On governing law, even if it could be argued that the Bills were subject to the laws of the PRC, there was no reason why the action against Dajiang Investment could not be tried in Hong Kong on expert evidence of PRC law. Nor had it been shown how the relevant PRC law was different to Hong Kong law so far as issues raised in the Amended Statement of Claim were concerned.

Dajiang Investment relied on the fact that it had, at the end of June 2016, commenced proceedings before the GZ Court, claiming that CTS Logistics failed to deliver the Goods to Dajiang Investment. It claimed that 2 hearings already took place before the GZ Court.

The Judge was not satisfied that Dajiang Investment had established that the GZ Court was clearly or distinctly more appropriate to try the issues in dispute between the Plaintiffs and Dajiang Investment in the proceedings in question.

Even if Dajiang Investment could establish that the GZ Court was clearly or distinctly the more appropriate forum, the Judge accepted the Plaintiffs’ case that if the dispute between the Plaintiffs and Dajiang Investment as to the shipment of the Goods was to be tried in the GZ Court, the Plaintiffs would be deprived of a legitimate juridical advantage. Any judgment that might be made in the GZ Court in favor of the Plaintiffs, including judgment on any counterclaim that might be raised by CTS Logistics, could not be directly enforced against Dajiang Investment which carried on business in Hong Kong, or against its assets in Hong Kong. Fresh proceedings, with the consequential and inevitable delay, would have to be commenced by the Plaintiffs in Hong Kong. The Mainland Judgments (Reciprocal Enforcement) Ordinance does not assist, since the GZ Court is not a designated or recognized court under that Ordinance.
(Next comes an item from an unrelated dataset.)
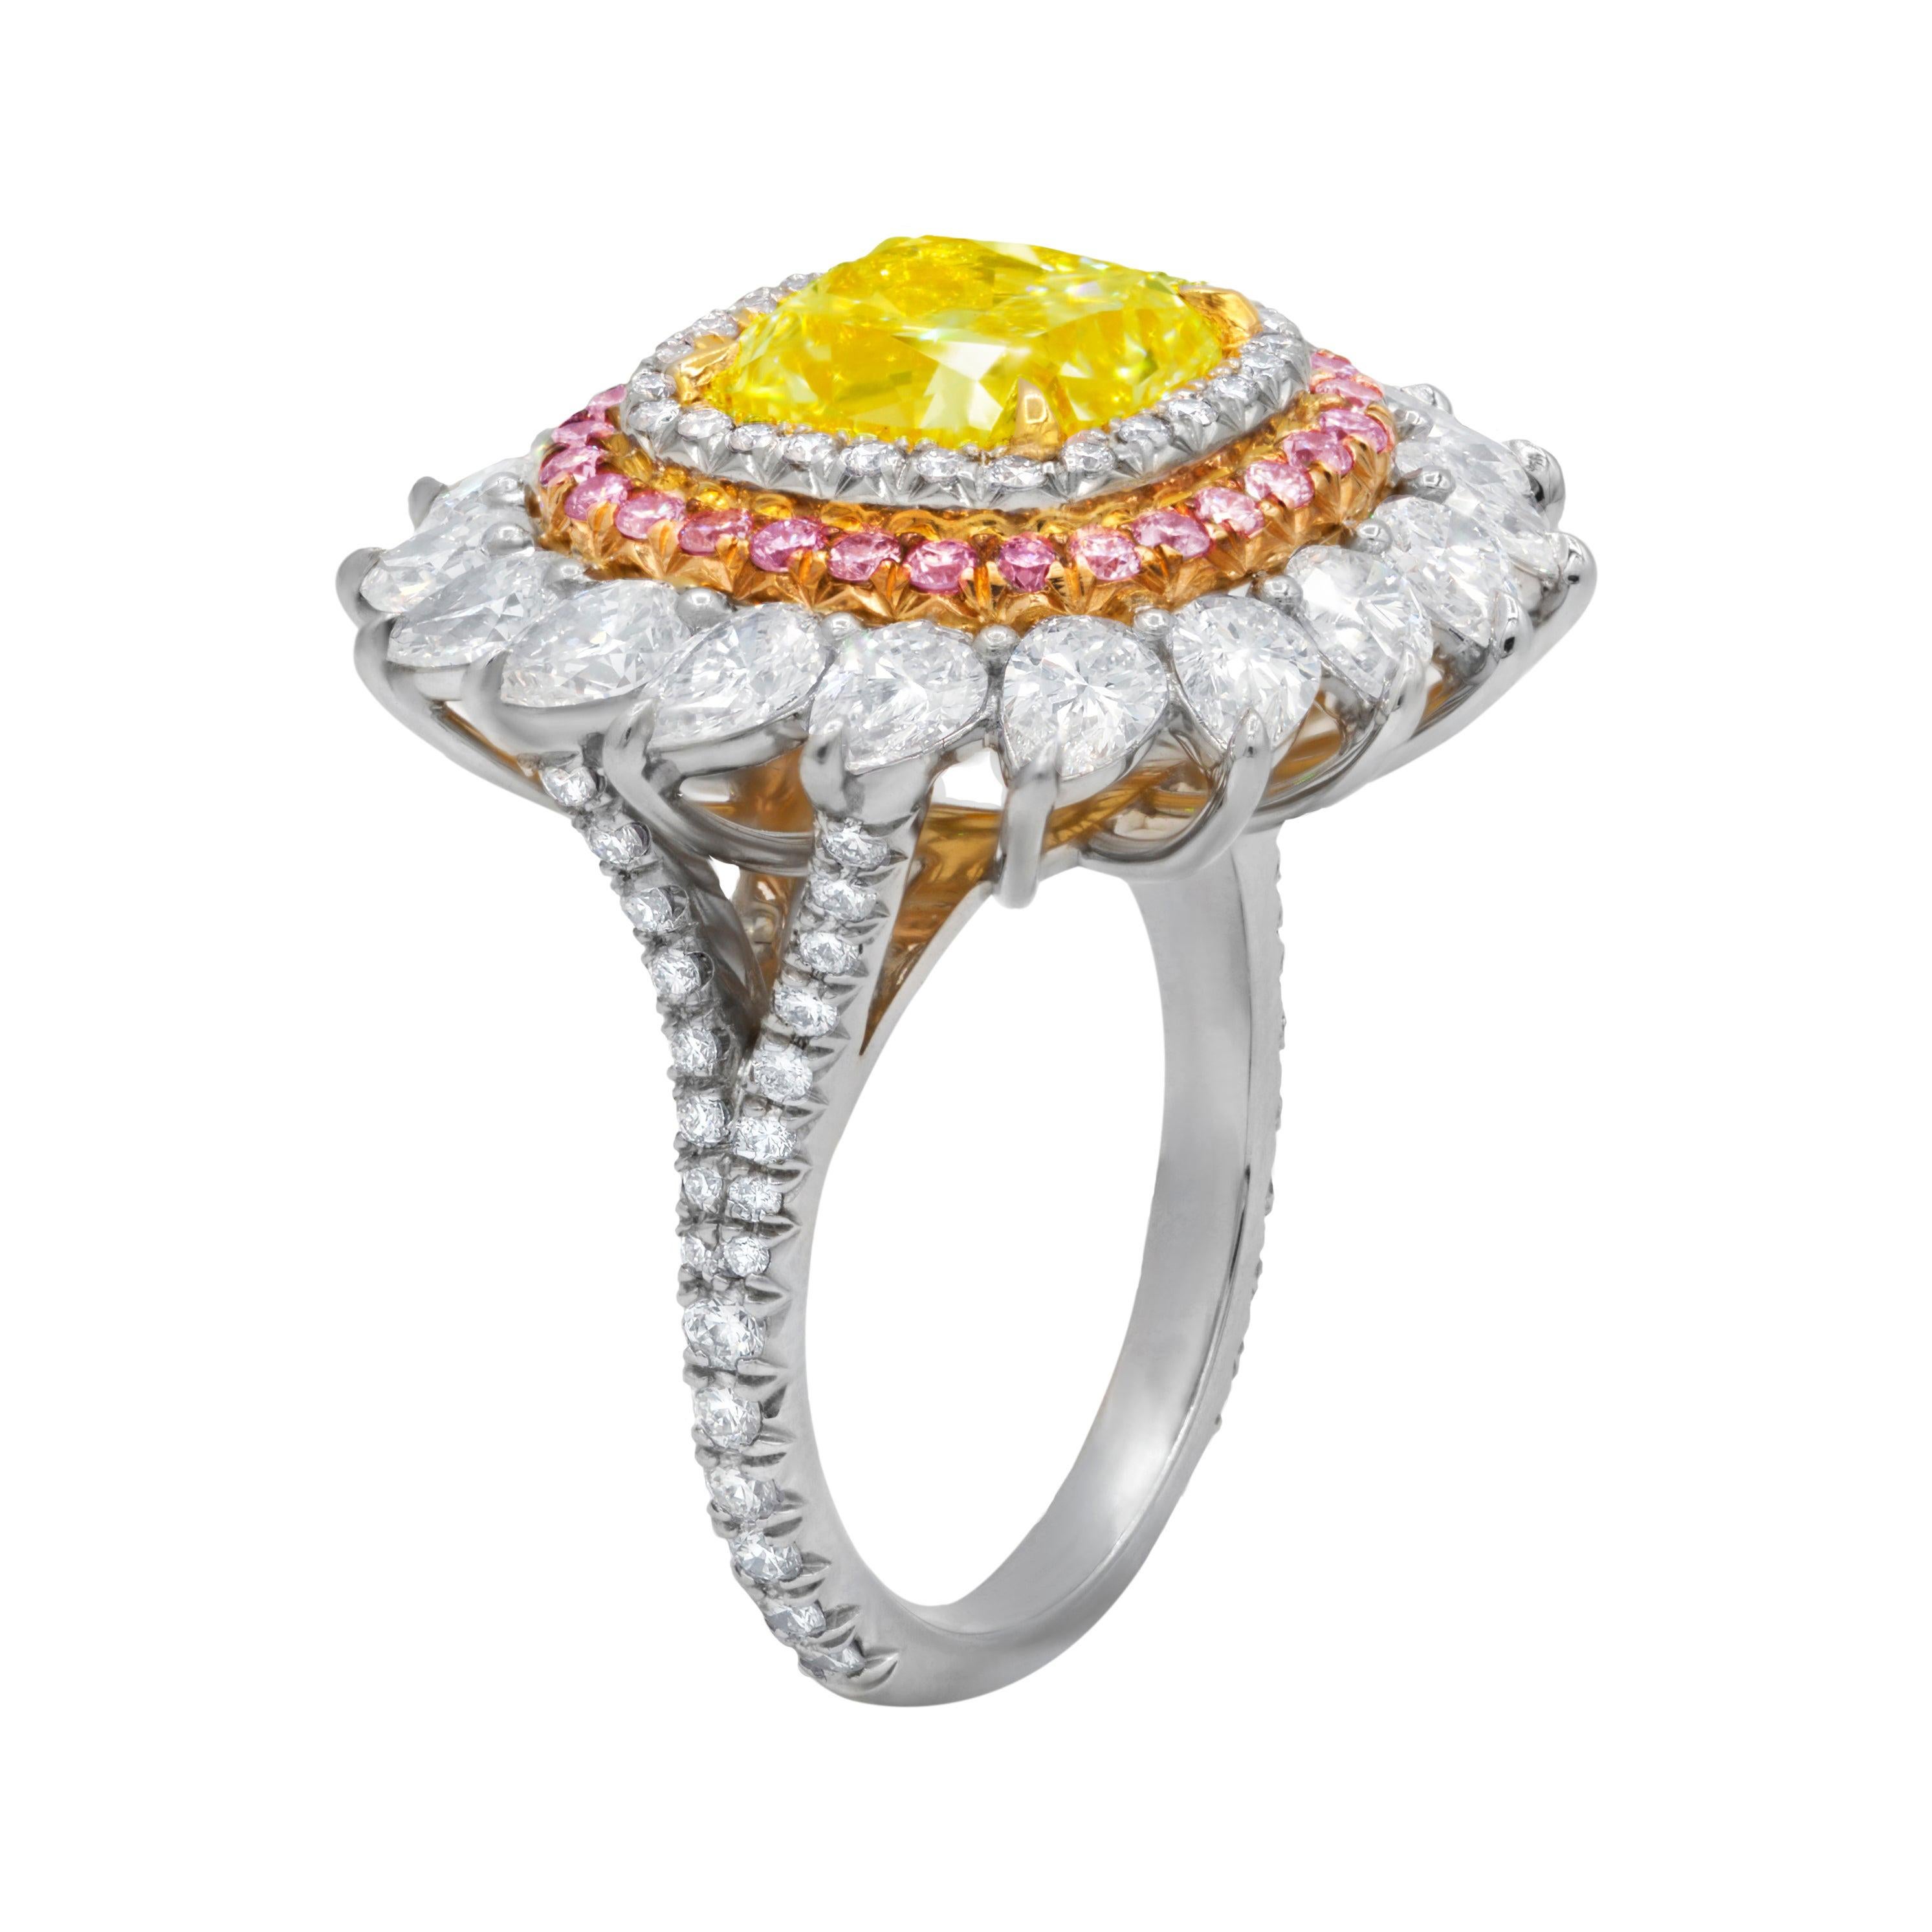 Platinum and rose and yellow gold ring featuring (radc 977)  4.03ct fancy light yellow vs1 center diamond with double row halos 
setting with white diamonds  f-g color vs1-vs2 clarity and pink diamonds and accenting with pear shape diamonds with

The Judge rejected Dajiang Investment’s assertion that the Plaintiffs’ claims in these proceedings were an abuse of process. The Plaintiffs pleaded a clear and arguable cause of action against Dajiang Investment, both in the original Statement of Claim and, after the amendment in September 2016, in the Amended Statement of Claim on bailment.

For all the above reasons, the Dajiang Investment’s application for stay was dismissed, with costs to the Plaintiffs.